Sales and marketing automation are terrific advancements for the industry. Yet, how often does the user know the strategy behind them? Does the everyday agent with an already heavy task load really know how their CRM is scoring their leads?
Agents should exercise support teams’ understanding of what’s happening when an automated response campaign gets triggered, and technology providers should be ready to explain it.
Agents need to make sure they have a grip on the underlying business and marketing concepts their CRM is performing for them. Additionally, they need to ensure their technology-based marketing plan is portable and can translate into a new system.
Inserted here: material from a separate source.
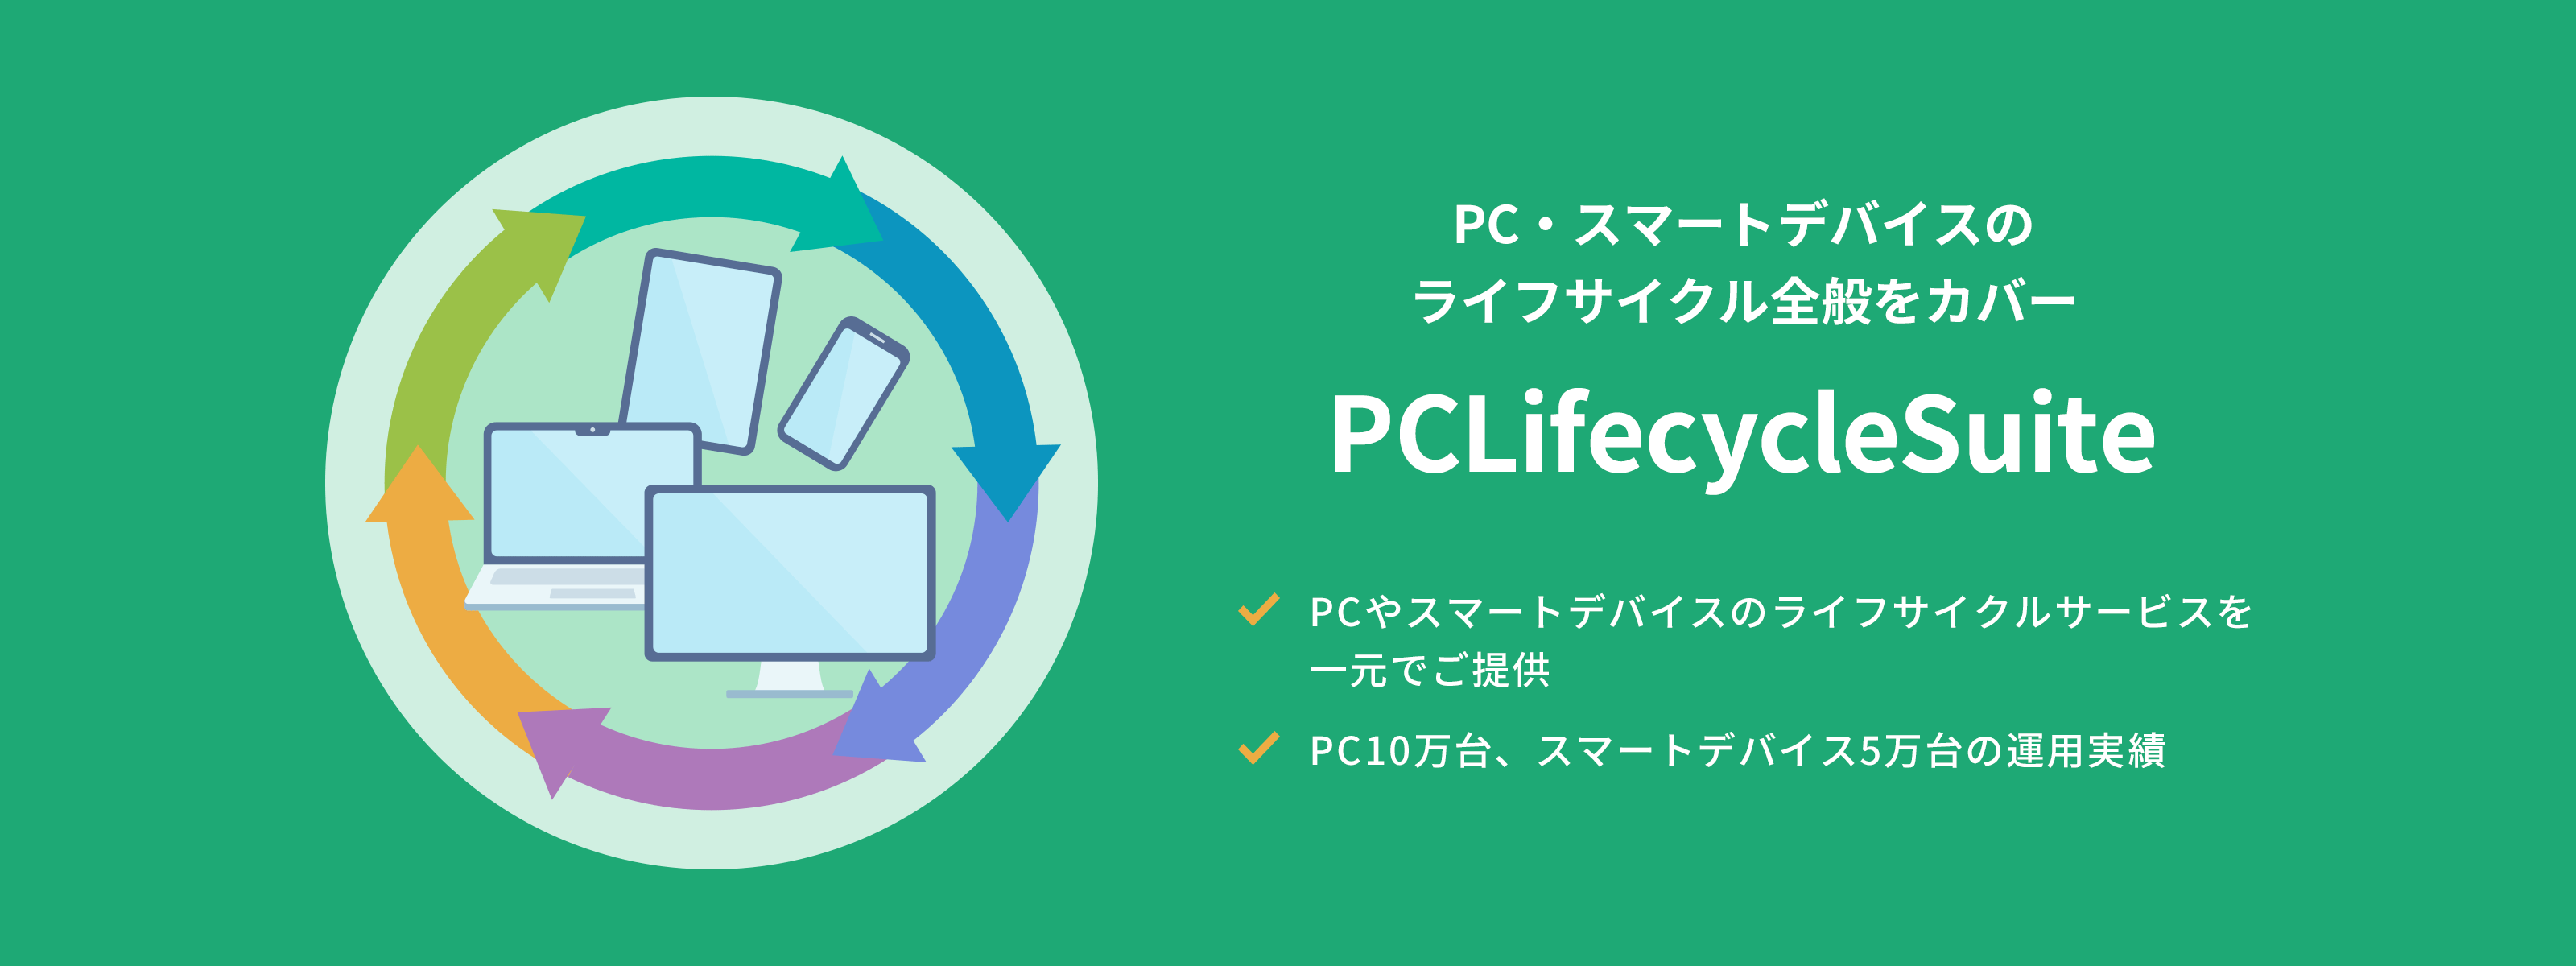 PC・スマードデバイスのライフサイクル全般をカバー　PCLifeCycleSuite PCやスマートデバイスのライフサイクルサービスを一元でご提供 PC10万台、スマートデバイス5万台の運用実績

The “set-it-and-forget-it” approach is only good when you know how it all works. Thus, get into the weeds on why segmentation is essential for lead nurture and lead management efficiency, and take time to understand how a single-listing page works and what it does for your seller.
It’s crucial for agents to know what percentage of their database is their own, always. The percentage of leads and contacts that are paid for by your brokerage and facilitated by your CRM are likely not yours to walk away with. Meaning, if you happen to get a new CRM, it will look a bit different because it will be working with different relationships.
The ever-changing technology landscape is a big part of why earned leads are gaining ground; they offer a stronger sense of ownership, control and longer-term ROI.
Tech providers
Technology providers should begin to share the systems behind lead analysis algorithms or find a way to make the process more transparent.
Providers can help their constituents by offering a little goodwill along the way. By no means should any business halt their long-range goals or sacrifice employee goodwill, but they can create a balance.
This could take the form of an “acquisition promise” that entails sharing plans to sell in advance or at least communicating as a deal is happening. Dedicated customers don’t always have to find out their CRM was acquired by reading Inman.
They can do some customer relationship management of their own.
Lastly, the industry needs to do its homework on the rise of SPACs, or special purpose acquisition companies.
SPACs are companies specifically formed to acquire businesses and take them public, and they’re popping up all over residential real estate. Opendoor used one to go public, and former Zillow CEO Spencer Rascoff also has a SPAC that’s in the process of taking Offerpad public. Matterport is on its way to the stock exchange via a merger with Gores Holdings VI.
Regardless of how brokers prepare themselves or what a technology vendor does for their bottom line, working in the “right now” of the real estate tech space must be similar to what it’s like to sit in the cockpit of a starship as it jumps to lightspeed: It’s kind of a blur.
And agents are only along for the ride.